For synchronous lesions, I would not use Bell's palsy as a diagnosis unless all others have been excluded. The 2 most common causes of synchronous B CNVII paralysis are Guillaine-Barre and Sarcoidosis (at least that's the answer we use on our board exams). I've seen different references cite both as the leading cause. Other potential causes include Lyme disease, Bell's palsy, leukemia, bacterial meningitis, syphilis, leprosy, Moebius syndrome (although that one should be pretty obvious), infectious mononucleosis, and skull fracture. There may be more that are much more rare or of which I'm not aware, but that is a reasonable list. I know that in Asia there are some unusual syndromes that are more prevalent such as Vogt-Koyanagi-Harada disease and Machado-Jesoph disease which I know nothing about that can also cause B facial paralysis.
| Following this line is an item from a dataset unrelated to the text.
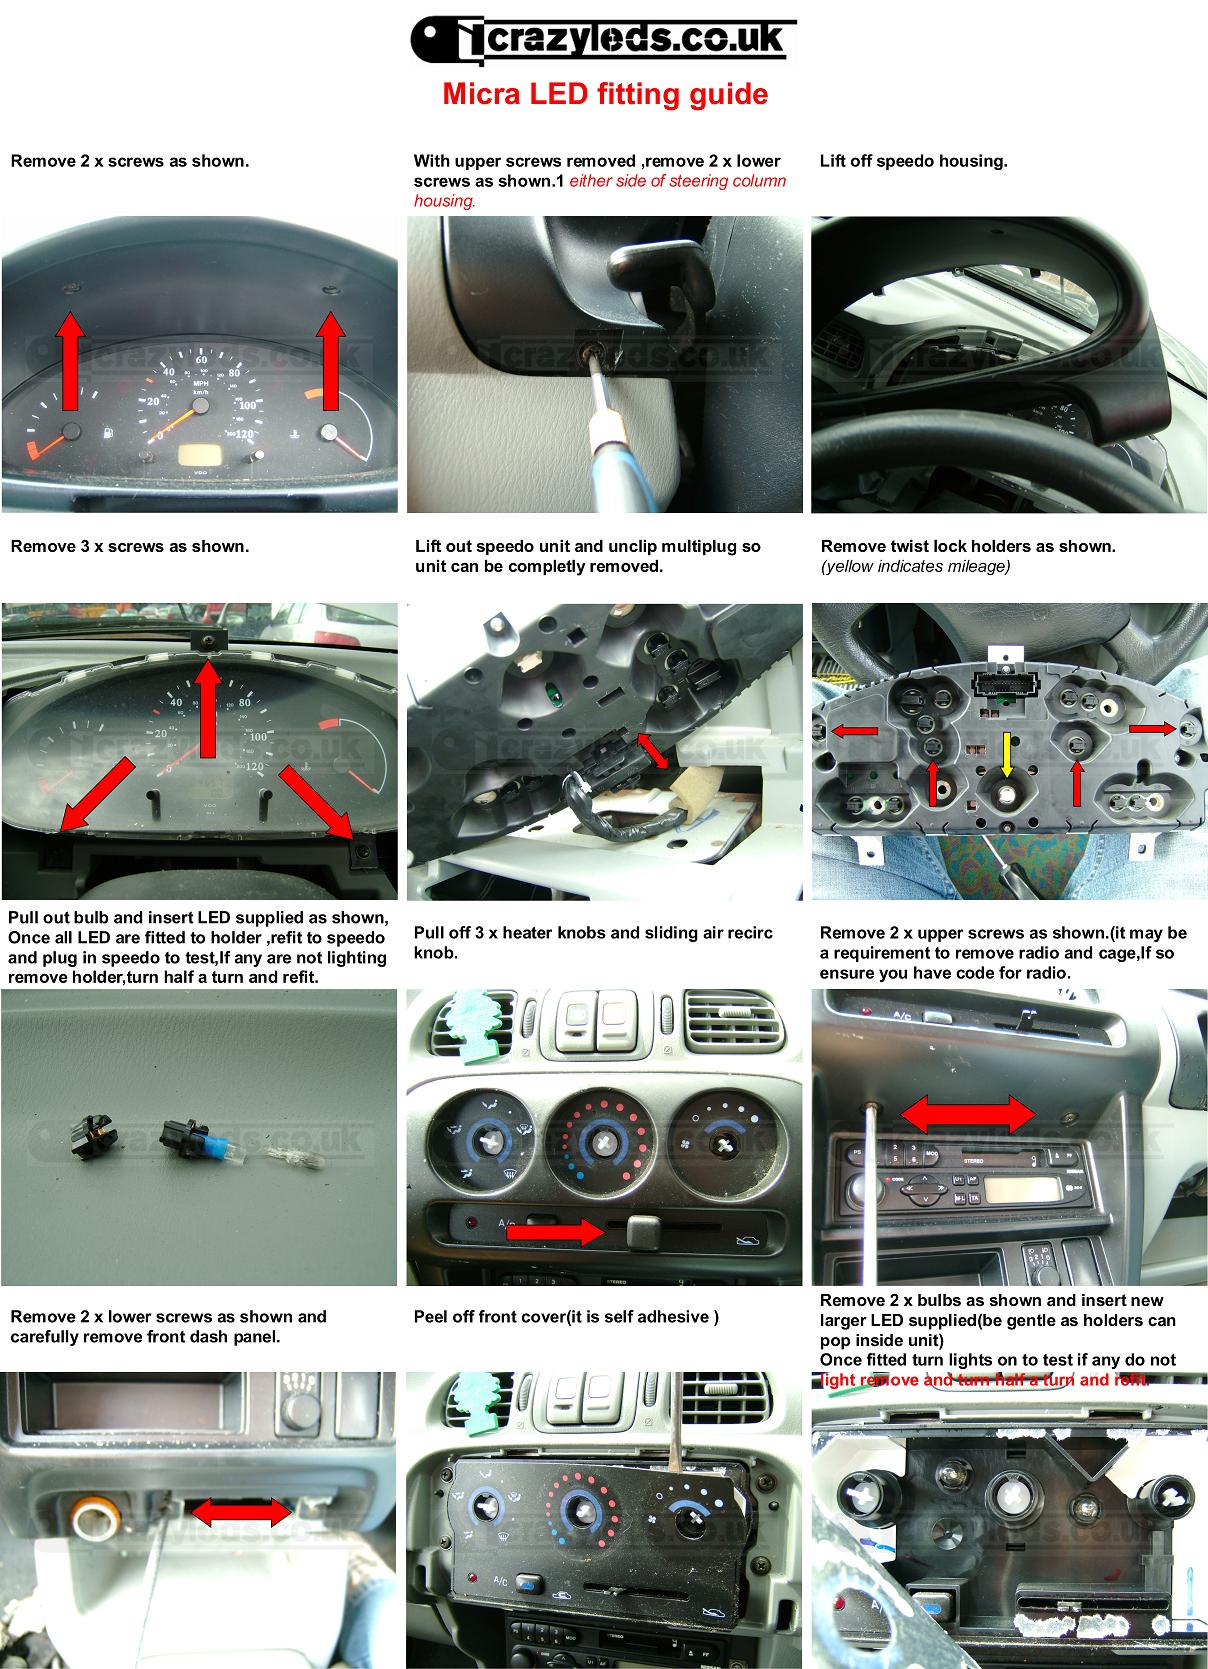 Micra fitting guide email file.jpg

Hope that helps a little, not sure what you wanted to know. I personally have not seen B Facial Paralysis except in a 22yo African male who had non-HIV related massive base of skull endemic Kaposi's Sarcoma. He had lots of CN deficits though, not just VII.
 
Thanks for the info, actually I come accross a case of 39 year old lady presented with a week history of bilateral facial nerve palsy. She claimed that initially she had low grade fever for two day then followed by weakness of the left sided of the face then the right(looks like a poker face), no other associated symptoms or any ear symptoms.I found that only the motor function of the facial nerve were affected both sides(house-brackmann grade IV), other cranial nerves were intact,the taste and the ear were normal finding,hearing was normal.No history of trauma.Blood investigations revealed normal and CT scan also normal.

Any suggestion for the management and what is the prognosis of patient.Any referal for me to read..

Thank you very much..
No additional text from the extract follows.